Please refer to the below runnable demo code. It is trying to sr.str.extract()
the "a"
column into multiple columns, and insert those columns into the origianl df immediately after the "a"
column.
Please combine steps [1]
and [2]
in the below code in a better way.
import re
import pandas as pd
df = pd.DataFrame({
"a" : {1: 'a', 2: 'aa', 3: 'aaa'} ,
"b" : {1: 'b', 2: 'bb', 3: 'bbb'} ,
"c" : {1: 'b', 2: 'bb', 3: 'bbb'} ,
})
"""
df==
+----+-----+-----+-----+
| | a | b | c |
|----+-----+-----+-----|
| 1 | a | b | b |
| 2 | aa | bb | bb |
| 3 | aaa | bbb | bbb |
+----+-----+-----+-----+
"""
# step [1] sr.str.extract
rex = re.compile(r'(?P<firstletter>\w) (?P<secondletter>\w+)', re.X)
cols = df['a'].str.extract(rex)
# step [2] insert extracted columns back into the original df
df['firstletter'], df['secondletter'] = 0, 0
df['firstletter'] = cols['firstletter']
df['secondletter'] = cols['secondletter']

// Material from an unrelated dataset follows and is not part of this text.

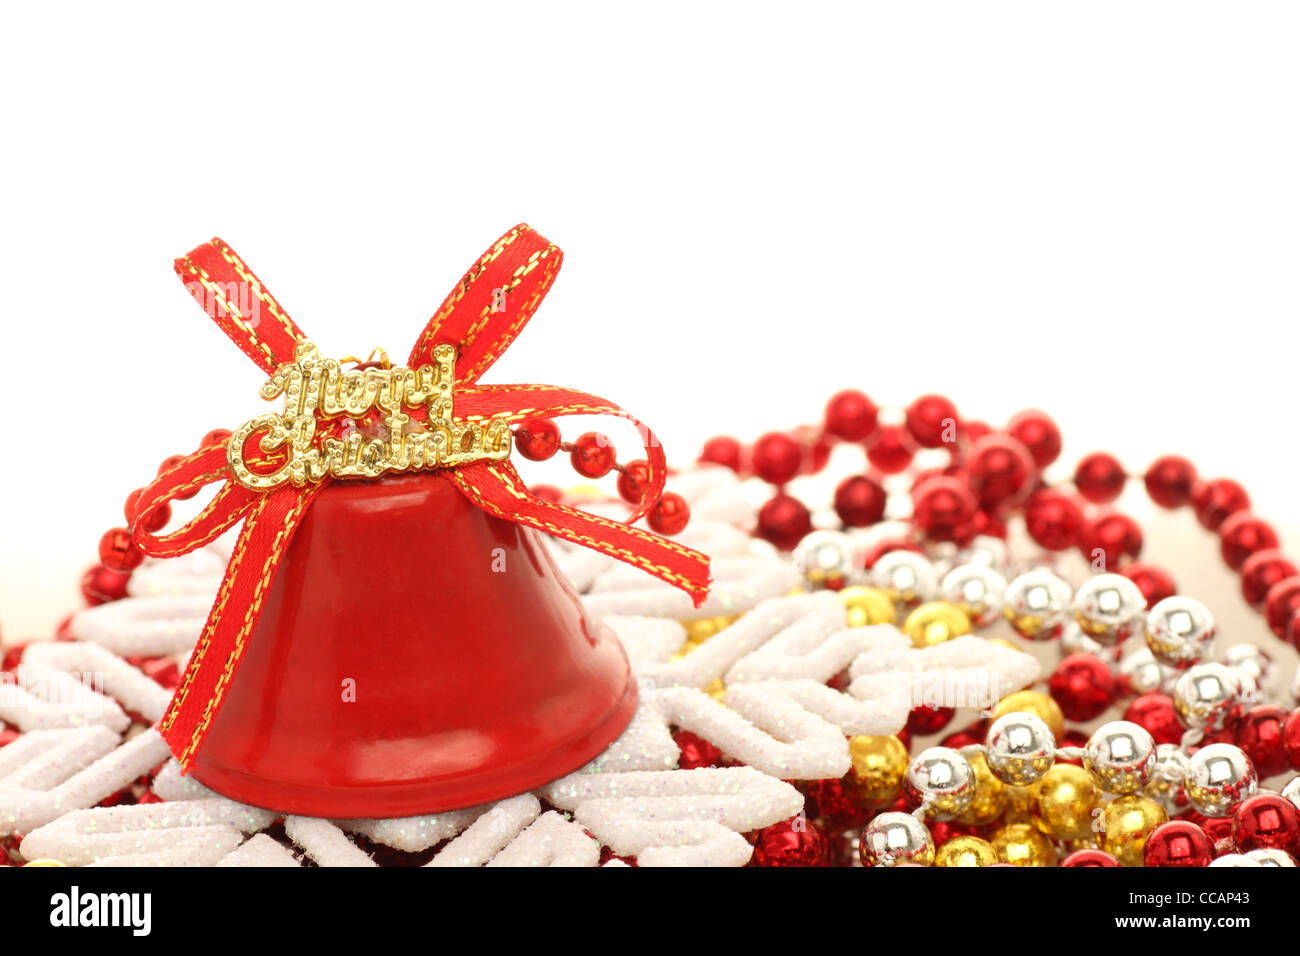 Décorations de Noël : bell sur près d'un flocon beads Banque D'Images
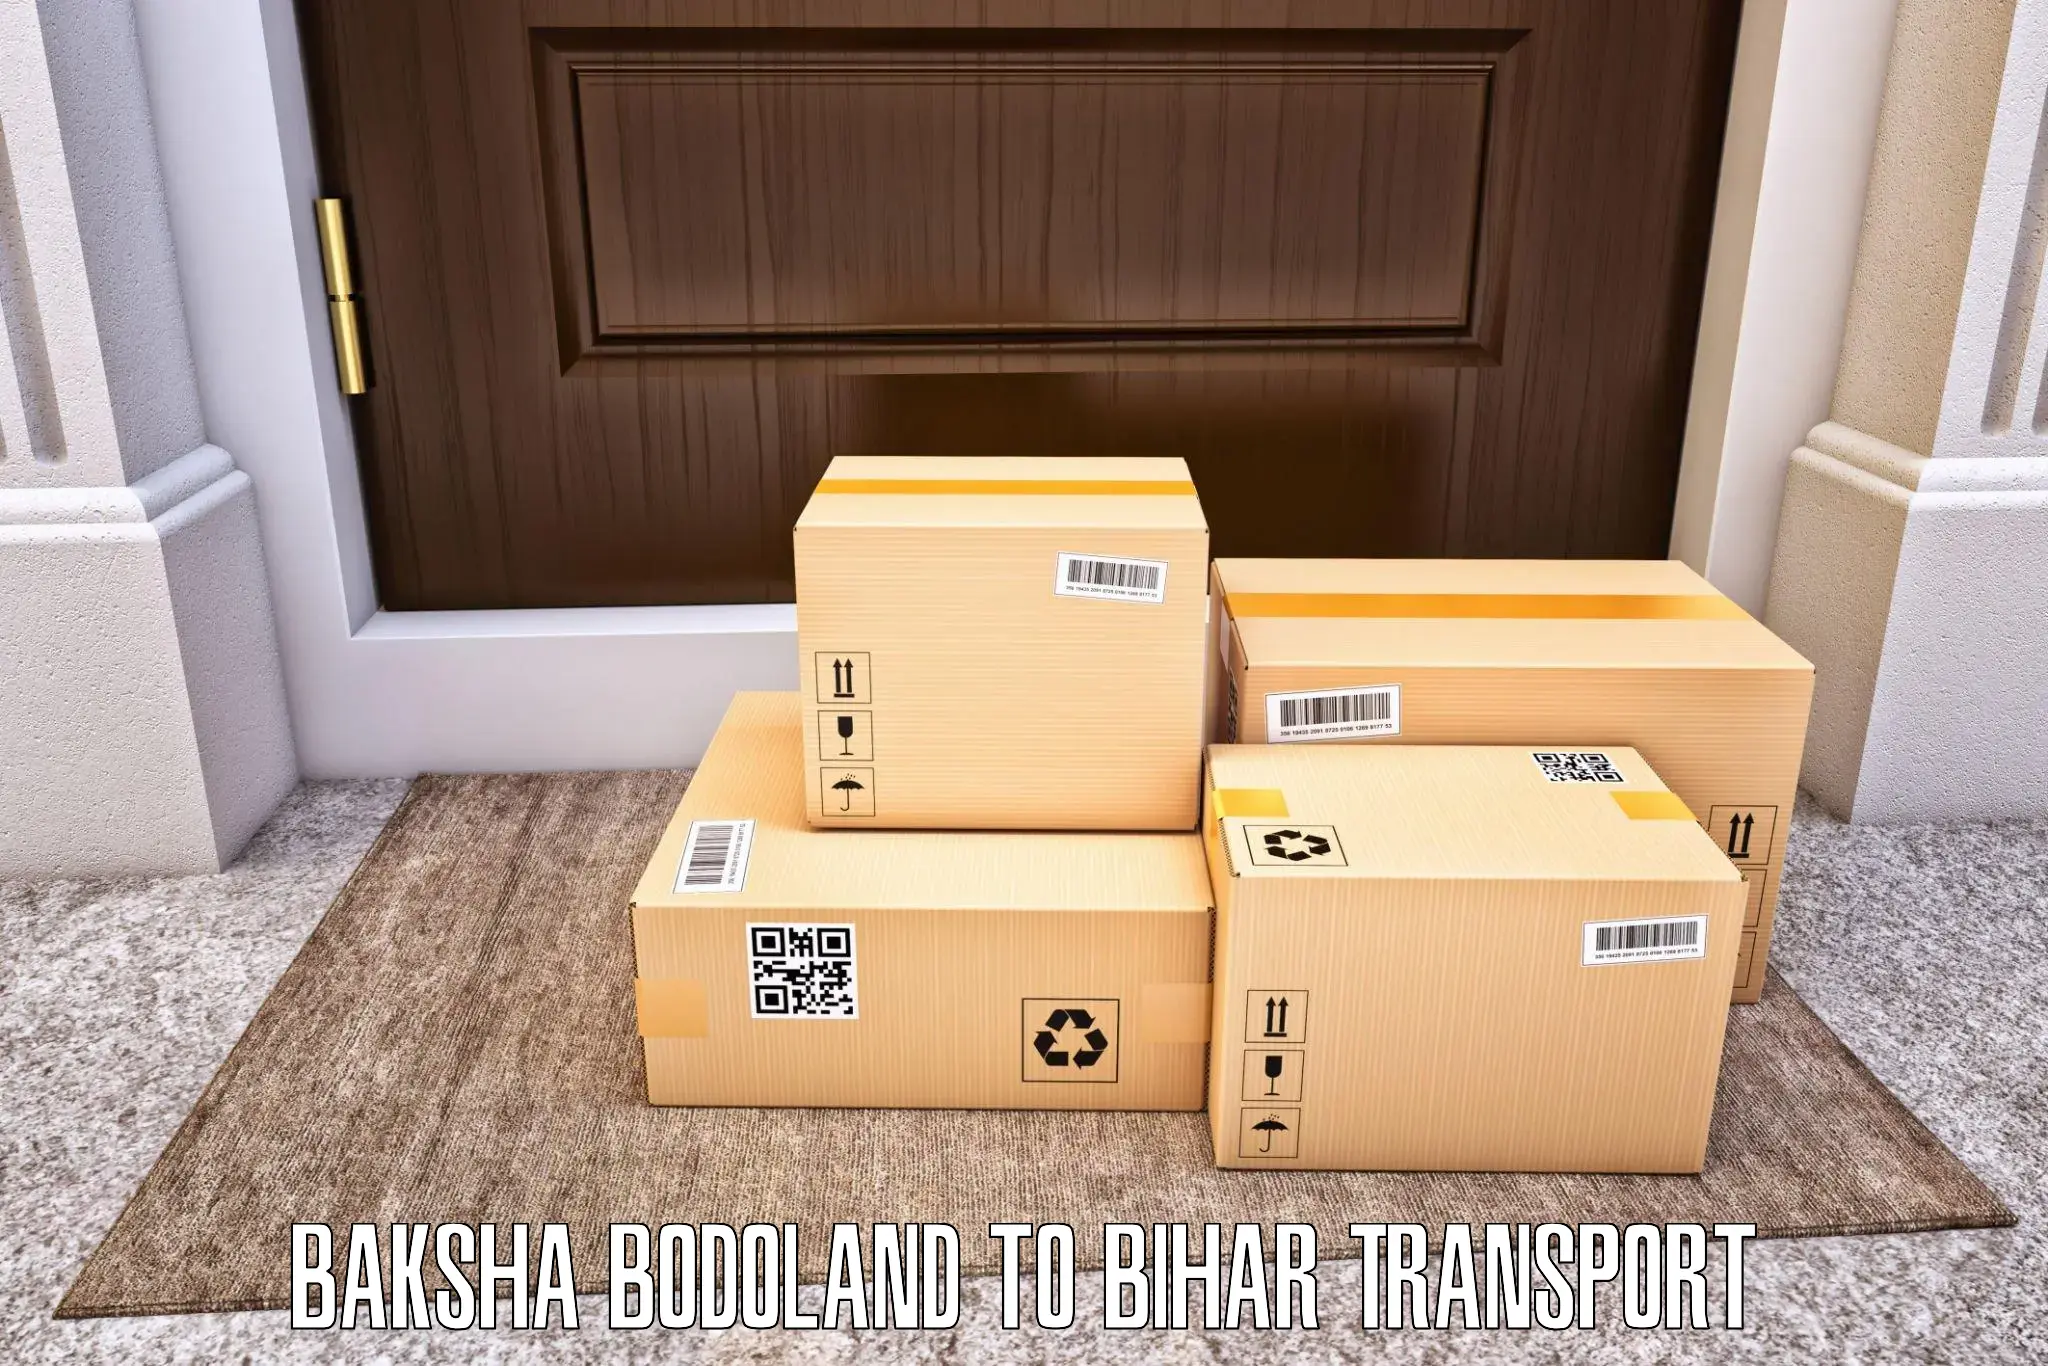 Furniture transport service Baksha Bodoland to Khutauna

df = df['a firstletter secondletter b c'.split()]
"""
# Or, a more concise step [2], but too hard to glance thru and remember, also prone to mistake:
for col in cols.columns[::-1]:
df.insert(df.columns.get_loc('a')+1, col, cols[col])
"""
# result:
"""
df==
+----+-----+---------------+----------------+-----+-----+
| | a | firstletter | secondletter | b | c |
|----+-----+---------------+----------------+-----+-----|
| 1 | a | nan | nan | b | b |
| 2 | aa | a | a | bb | bb |
| 3 | aaa | a | aa | bbb | bbb |
+----+-----+---------------+----------------+-----+-----+
"""